Most often, flu epidemics occur when attacking unrecognized viruses - this time, and with poor prevention of influenza - this is two. In ancient times, when there was no vaccination, the influenza virus hit human groups at a tremendous rate - entire cities were sick and died out.
Today, scientists have already established that epidemics of influenza occur on average every 30 years. Today they do not carry such a mortal threat, as in ancient times, because people have learned to treat the flu. And yet, many people are knocked out of the rut, who at the time of the incidence of flu completely lose their efficiency and risk serious complications. But why do flu epidemics still occur, despite all the precautions and many medicines? The whole thing, as it turned out, in the characteristics of viruses.
Why can not flu epidemics be prevented?
Viruses, as scientists have shown, are dangerous precisely because they are able to change their structure, and therefore, properties. They mutate, and therefore, when they enter the body, they are unable to recognize the influenza virus, which even slightly changed its DNA. This feature of the virus is called antigenic drift, as a result of which the substances that make up the envelope of the virus change their structure insignificantly.
And, as long as the body finds ways to fight new antigens, a person will already have time to get sick and pass on his disease to another. So there are massive epidemics that are difficult to prevent.
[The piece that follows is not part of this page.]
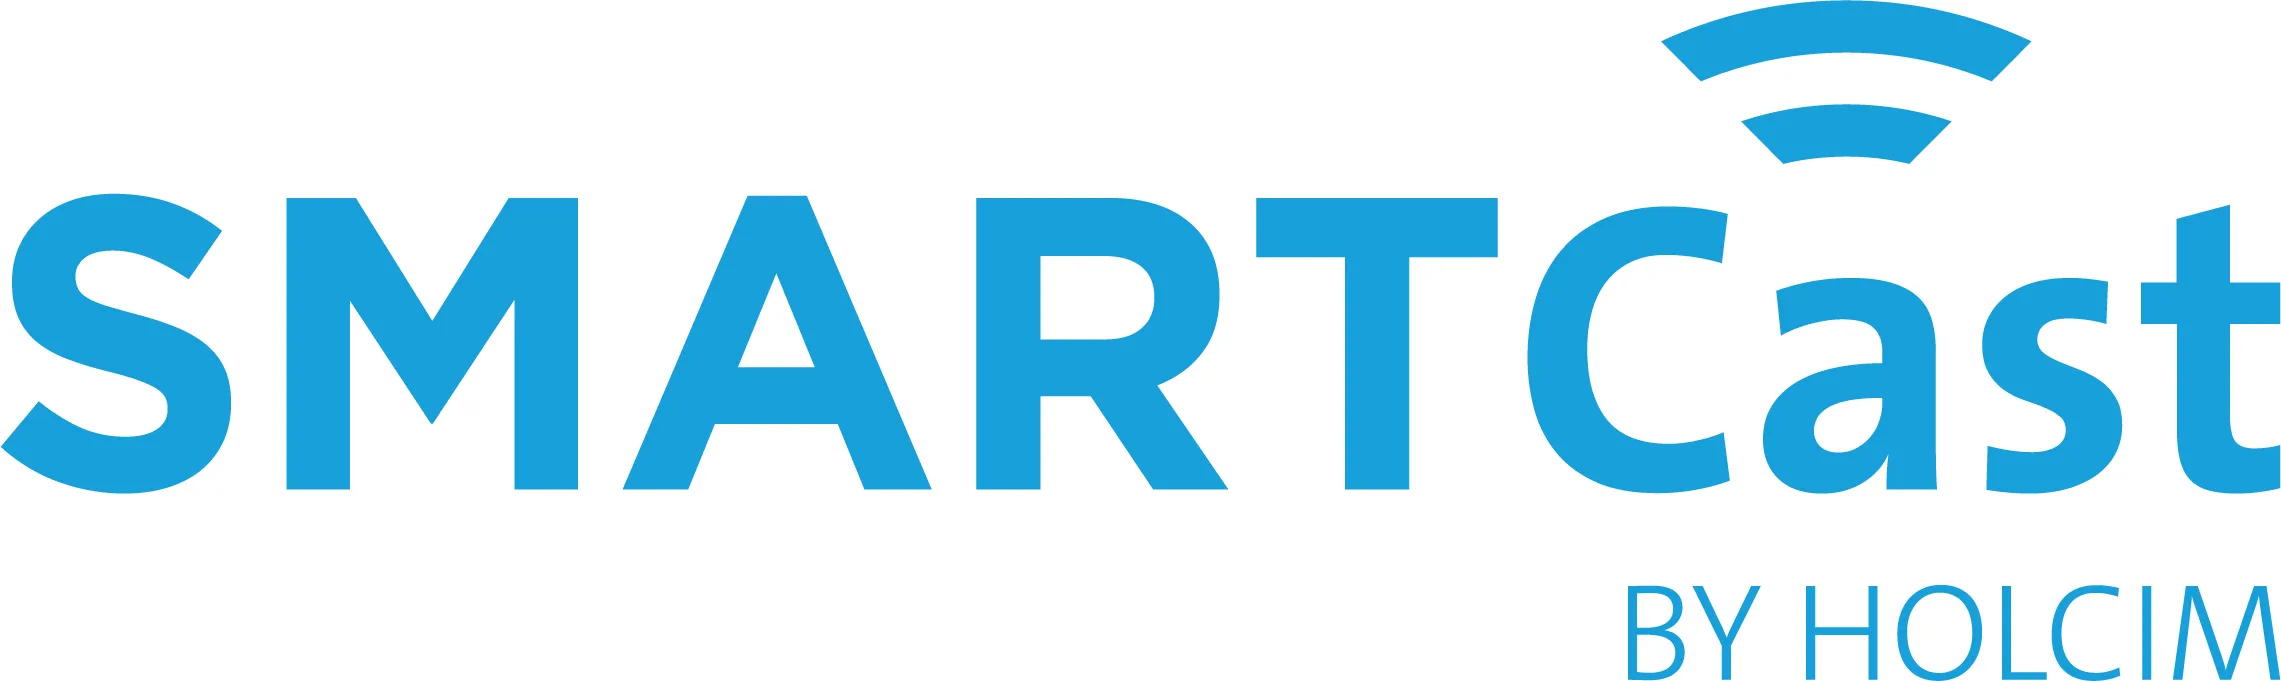 smartcast logo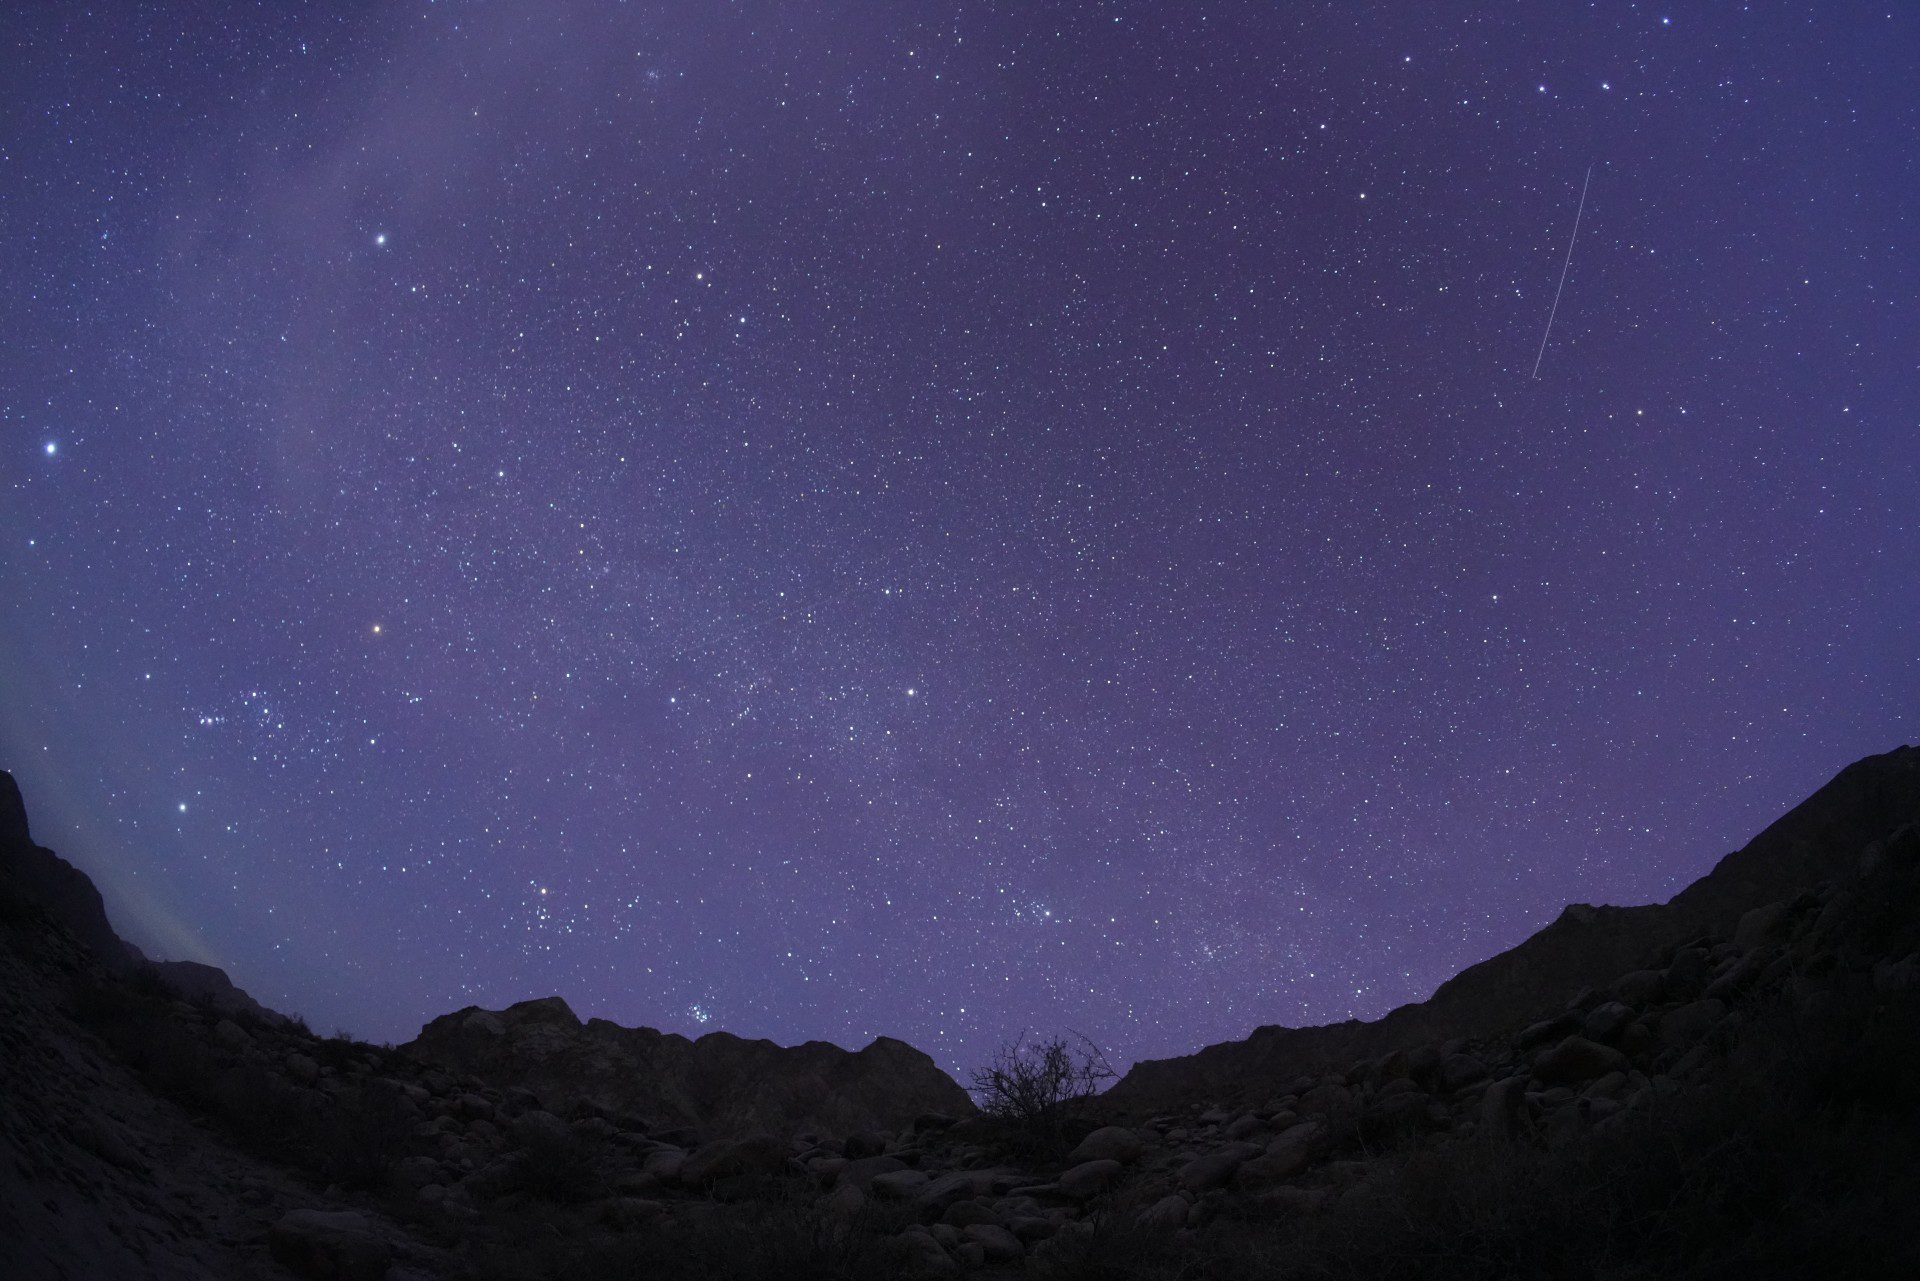 Een meteoor schiet door een sterrenhemel boven bergen

After all, the vaccine was invented against one virus, but another person was struck by the man. In addition, mutating, the influenza virus acquires even more powerful properties than before. For example, the flu progresses more quickly and harder than before. This phenomenon is called antigenic cipher.
True, you can be happy that, with the modification of the structure of the virus, a person still has partial immunity to it. Therefore, modern influenza epidemics are not characterized by a high mortality rate, as it was several centuries ago. For example, one of the most terrible epidemics of influenza was in 1918 a pandemic of the so-called Spanish, which killed up to 50 million people. A pandemic is the same epidemic, only much more extensive.
Methods to combat the epidemic of influenza
- Vaccination (bulk)
- Increased immunity with the help of tempering and taking multivitamins, the right way of life, sports
- Combating bad habits that weaken the body's immune system
- Personal hygiene
- Timely contact with a doctor (with the first symptoms of influenza)
Prevention of influenza with the help of the following chemicals: remantadine, amantadine, zanamivir, oseltamivir. So far, these chemicals have not been incorporated into the government's program to combat influenza epidemics, although this possibility has been discussed more than once. Obstacles officials from medicine and financiers see the high cost of these medicines.
Vaccination against influenza is especially effective in early autumn. Doctors say that this will help people less sick in the midst of epidemics - from the end of autumn and until the very next spring (November-March), since the vaccine lasts up to six months. Previously, vaccination should not be done - its effect on the body is not all-the-year-round and gradually decreases.
So, the 2013 flu epidemic in the modern world can arise, despite all the achievements of civilization. But the likelihood of its occurrence depends largely on us - on the timely treatment of a doctor and how much we care about our own body.